[Extracted records]
● ● ● ●
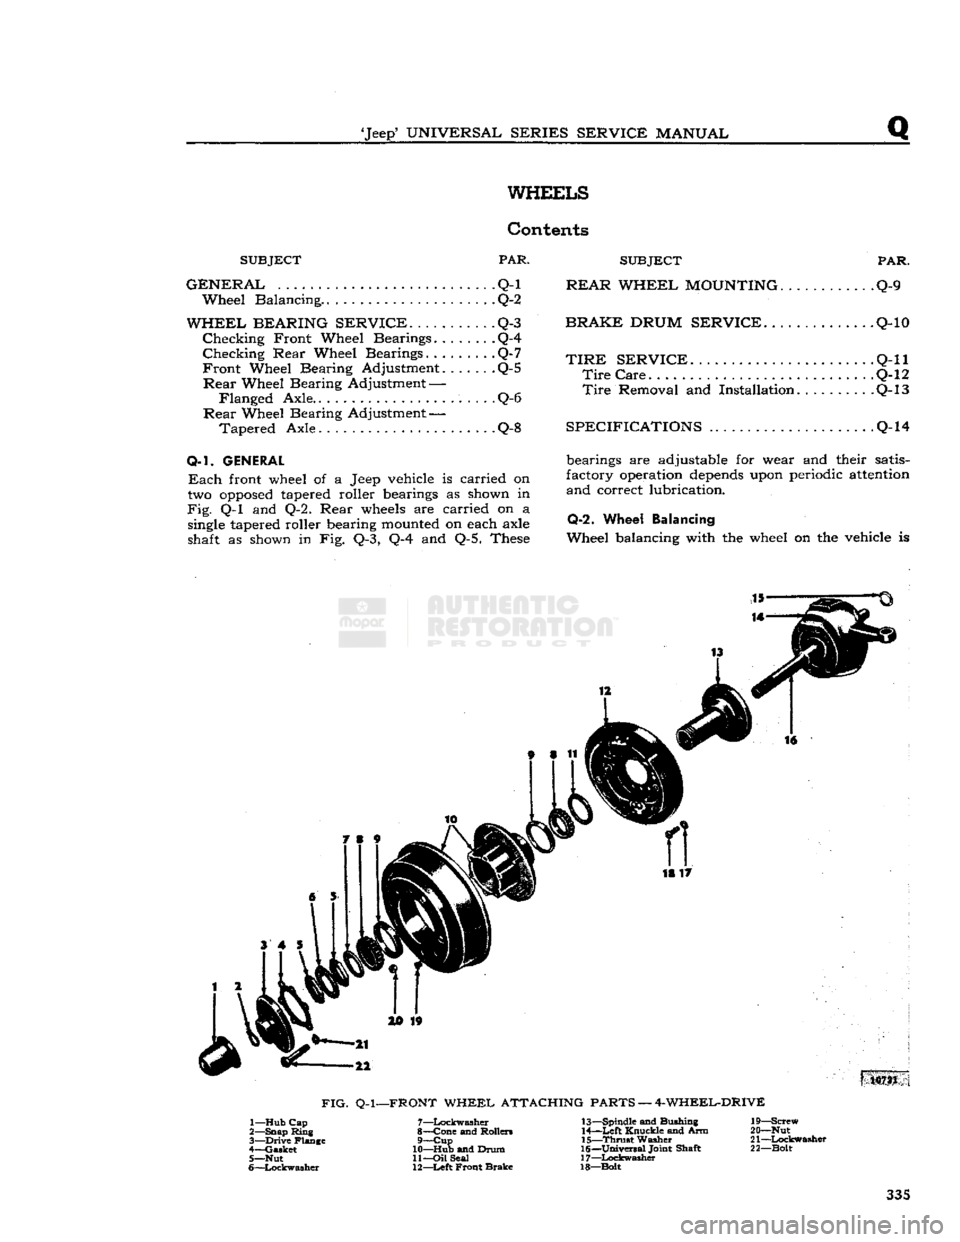 JEEP CJ 1953 Owners Manual 
Jeep
 UNIVERSAL
 SERIES SERVICE
 MANUAL 

WHEELS 

Contents 

SUBJECT PAR. 

GENERAL
 Q-l  Wheel Balancing. Q-2 

WHEEL BEARING SERVICE.
 ......
 Q-3 
 Checking
 Front Wheel Bearings Q-4 

Checking
● ● ● ●
[BRIEF]:
Go through the entries above and output them exactly, without pictures.

[RESULT BELOW]:
 JEEP CJ 1953 Owners Manual 
Jeep
 UNIVERSAL
 SERIES SERVICE
 MANUAL 

WHEELS 

Contents 

SUBJECT PAR. 

GENERAL
 Q-l  Wheel Balancing. Q-2 

WHEEL BEARING SERVICE.
 ......
 Q-3 
 Checking
 Front Wheel Bearings Q-4 

Checking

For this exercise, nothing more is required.